With the Rebel back the whole family headed off for a weekend at the European Championships in Northampton. Stock car racing uses a grading system with the lowest grades starting at the front of the field and I decided that it was time for me to do that after wetting my teeth at the back of the field. So it was that I lined up third on the grid in front of 35 cars. It was absolutely terrifying and the most amazing thing I have ever done at the same time. There were cars everywhere and I was being nudged into corners as cars were spinning in front of me. I made it to the end of the race intact and as I lined up to leave the track I was told that I needed to go and get my trophy as I had finished third. This was news to me as I had no idea where I had finished.

The next heat, as it turns out, was the beginning of the end. I again lined up in third place and was running well until waved yellows slowed up the field to clear a crash. On the restart I lost concentration and instead of left foot braking I put my foot on the clutch and ran wide. This caused me to drop to the middle of the field and a couple of laps later a car span in front of me. I braked as hard as I could (which never did much in a Rebel anyway) and was pushed into the spun car. The next thing I saw was sky until I landed and hit the wall was then finished off with a smack on the back bumper. I then made a fuss like a little boy because my back and neck hurt a bit (okay, a lot) and then went numb and the race was stopped. Two ambulances arrived on track (all watched by my wife and children) and I was informed that they were going to cut the roof off my car. At this point I had an amazing recovery, akin to a footballer who realises that his opponent has now been sent off, and climbed out of the car to a round of applause (not ironic, apparently).

The following day I woke up with a stiff neck and lump on my lower back and decided that it would be a good idea to race in the European Final even though I could barely sit in the car and my mechanic, Graham Roberts, was unavailable that day.
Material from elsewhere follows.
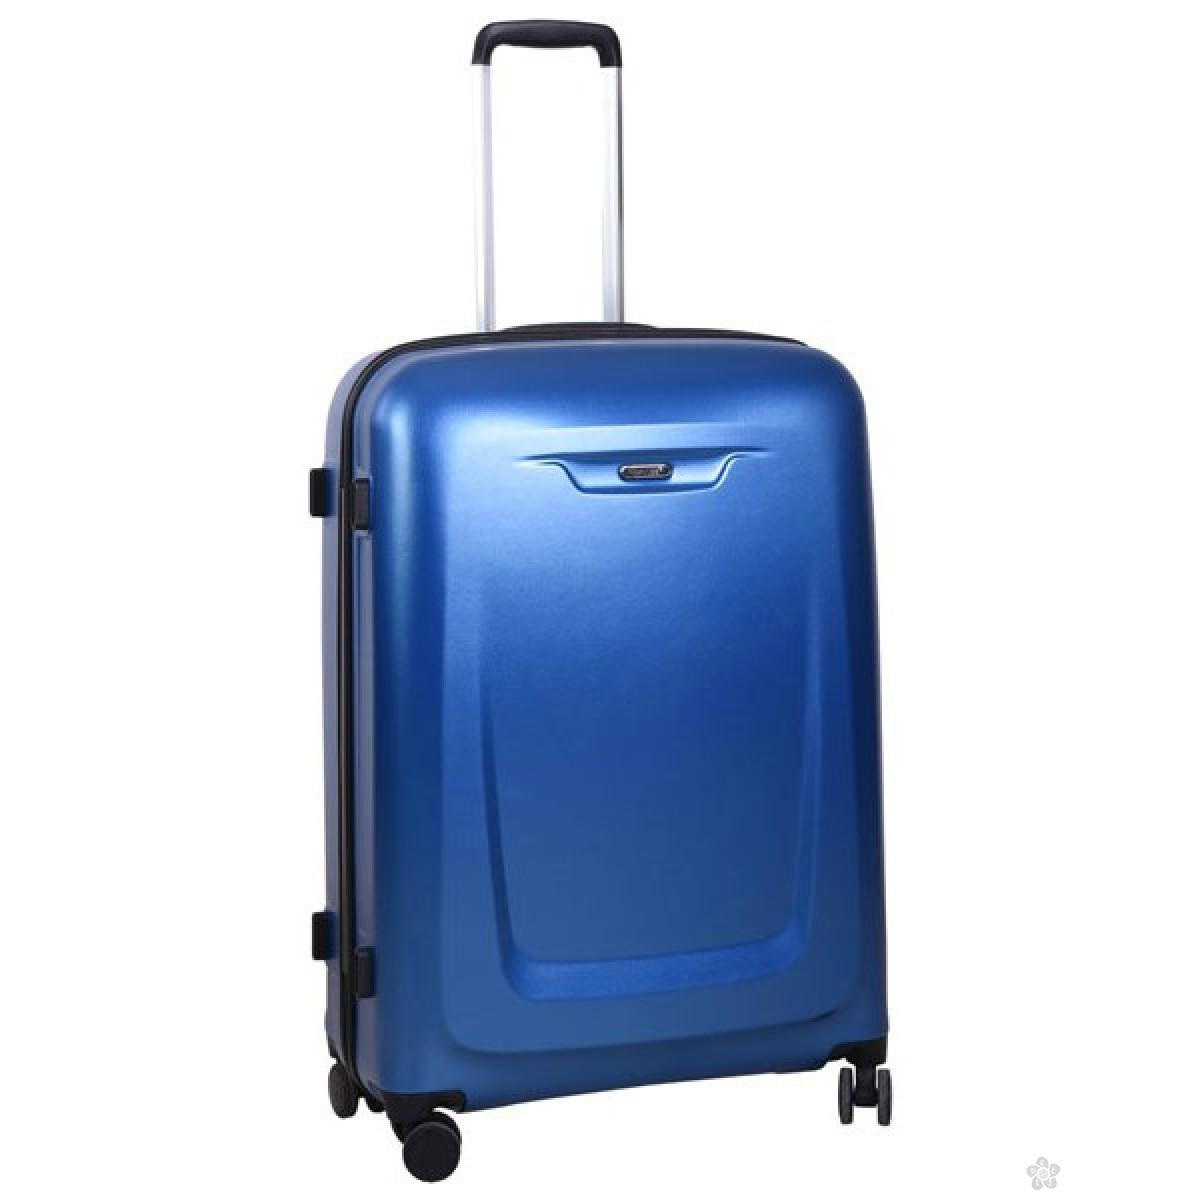 Kofer Pulse Manhattan plavi 28inch X21155
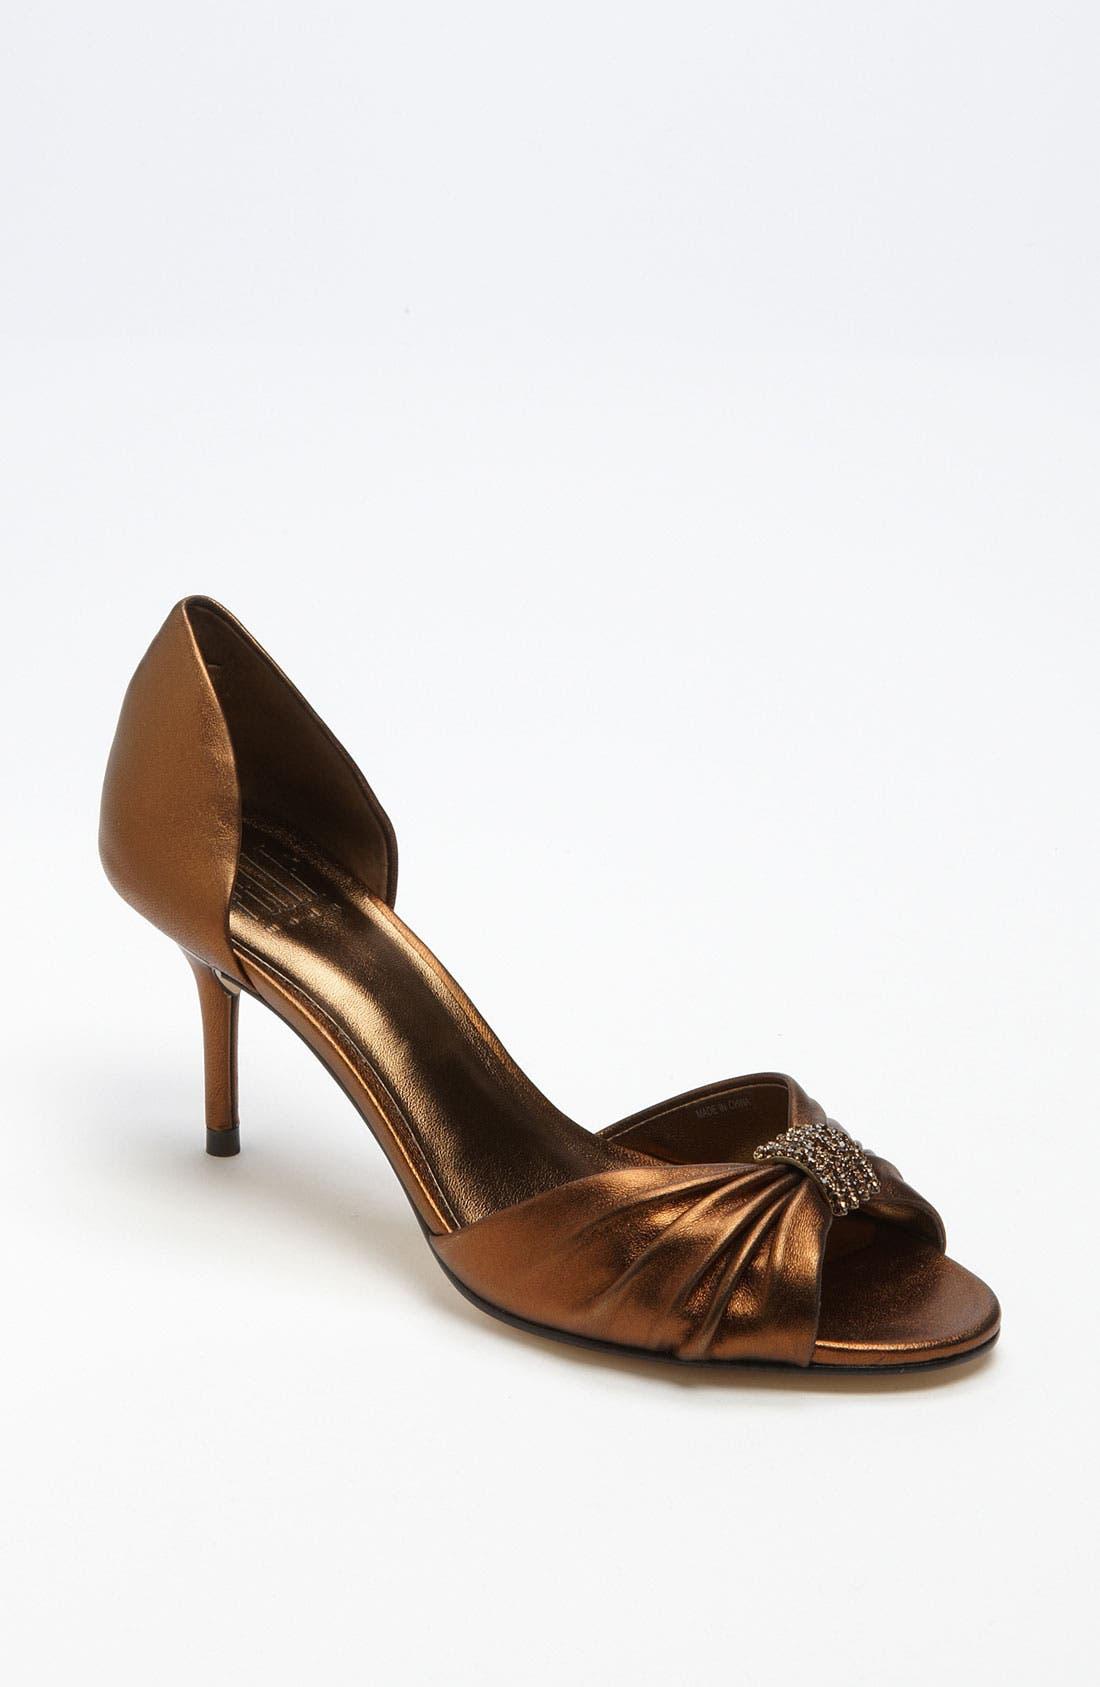 Main Image - Pelle Moda 'Iris' Sandal

I started the race near the back, let everybody through whenever they got near me, got bumped a lot and pushed towards more spun cars before finally running out of fuel on the last lap.

My bottle was quickly running out as I lined up for the first heat for the rest of the event. A few laps in I had a moment coming out of a corner and before I could straighten up I was clouted by another car leaving my wheels pointing in opposite directions. I limped back to the pits, my bottle gone and my back hurting and set about repairing the car. This lasted for about 2 minutes at which point I began to think something along the lines of ‘what the f*** am I doing this for’ and I loaded up the car and went home.

At this point I was on the verge of quitting for good when Carol, my wife, informed me that she didn’t want me racing any more. What a relief. The car was put up for sale soon after and sold within a week.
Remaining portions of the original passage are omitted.